New Security Updates
- The Mail app will now hide your IP address and location from those pesky tracking pixels marketers love to sneak into emails.
- An “App Privacy Report” option in settings will now describe how often each app accesses your location, photographs, and other data, in the hopes of identifying any unusual behaviour.
- Siri’s voice recognition will now take place on the device itself, keeping audio records off Apple’s servers and allowing Siri orders to be sent without an internet connection.
- You will be able to add recovery contacts to your iCloud account, allowing you to choose people who can assist you in regaining access to your iCloud account if you become locked out. You’ll also be able to choose “Legacy” contacts who will be able to seek access to your iCloud data once you die.
- macOS Monterey will be the name of the next major release of macOS.
- All of the previously reported SharePlay features, including as the ability to view video and listen to music in sync with friends over FaceTime, are coming to macOS.
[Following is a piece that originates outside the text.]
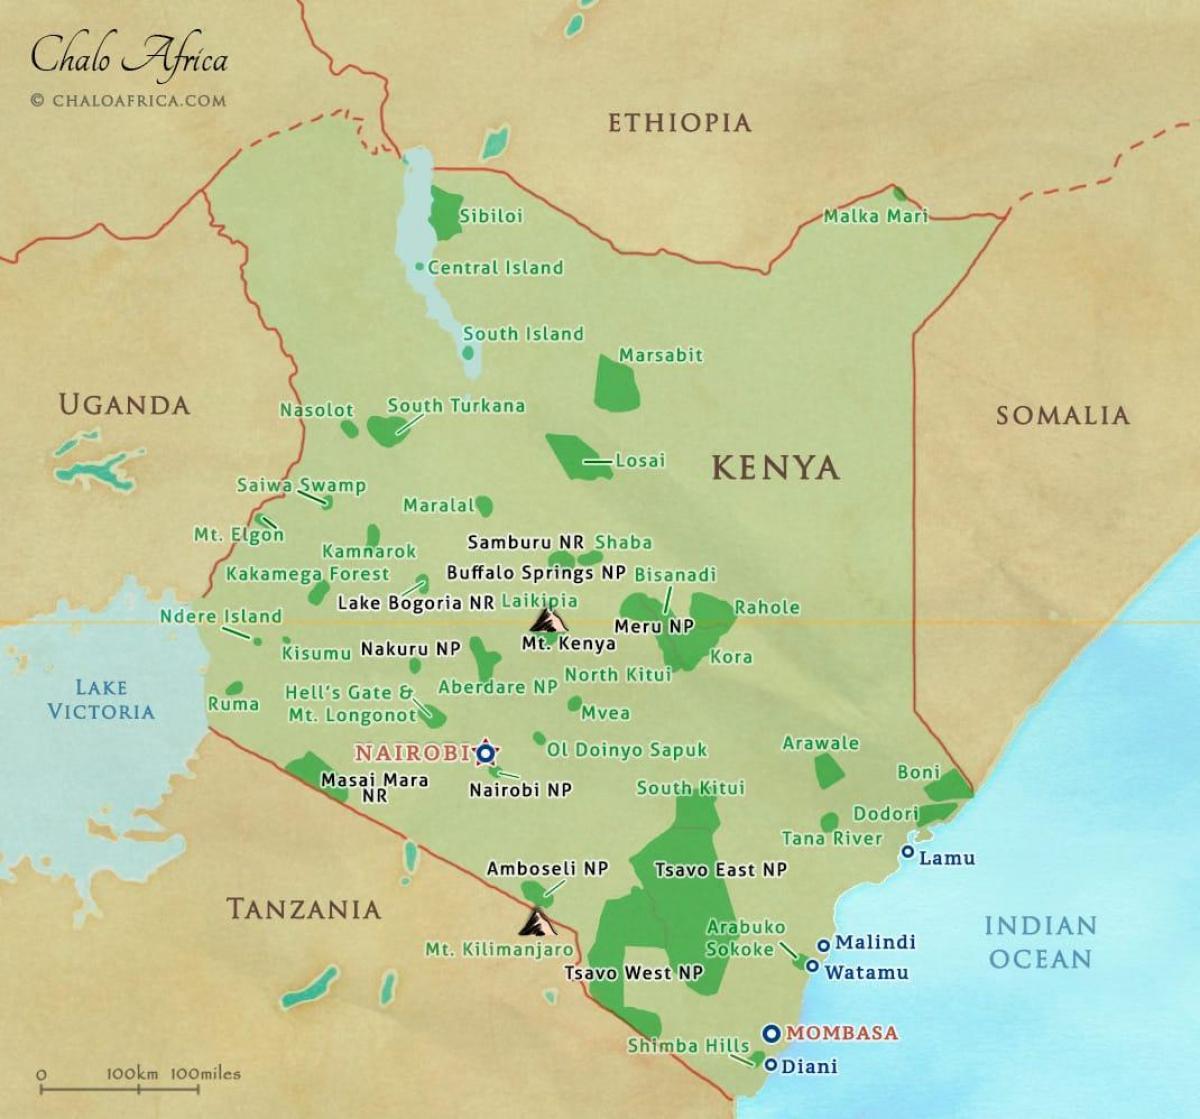 Kenya national parks map - Karte von Kenia Nationalparks und

- “Universal control” allows you to utilize a single keyboard and mouse configuration to operate numerous Macs and iPads, instantly detecting when a new suitable device is placed nearby. When you place an iPad next to a MacBook, it instantly expands, transforming the two gadgets into one large canvas.
- Macs now support AirPlay, enabling you to transfer AirPlay material to your Mac’s display in the same way as you would an AppleTV.
- The iOS “Shortcuts” automation system is coming to macOS, enabling you to rapidly drag-and-drop scripts to execute the tasks you do frequently. (If you’re already utilizing macOS’ Automator system, it will be supported for the time being.)
- Safari’s user interface is being revamped; tabs are being made smaller, and a “tab groups” mechanism is being introduced to keep things organized. Tab groups will be synced automatically between iCloud devices.
- The public beta will be available in July, with the final release scheduled for “this fall.”
- WatchOS can now measure your respiratory rate (the number of breaths you take per minute) and record how you breathe differently throughout the day. In addition, new training modes, such as Tai Chi and Pilates, are being added to the activity monitoring engine.
- Portraits is a new watchface that uses your portrait-mode images to create a tidy, layered-looking clock arrangement.
- On watchOS, text input is receiving a modest makeover, with “Scribble” handwriting recognition integrated directly into the text display. You put the text cursor with the crown, then draw the letters/symbols you desire immediately on top of your text.
- The public beta will begin in July, with the full release following in the fall.
Third Party Devices and Siri
Apple says it will give up Siri to third-party manufacturers and their gadgets later this year, allowing Siri to reside on things like ecobee thermostats.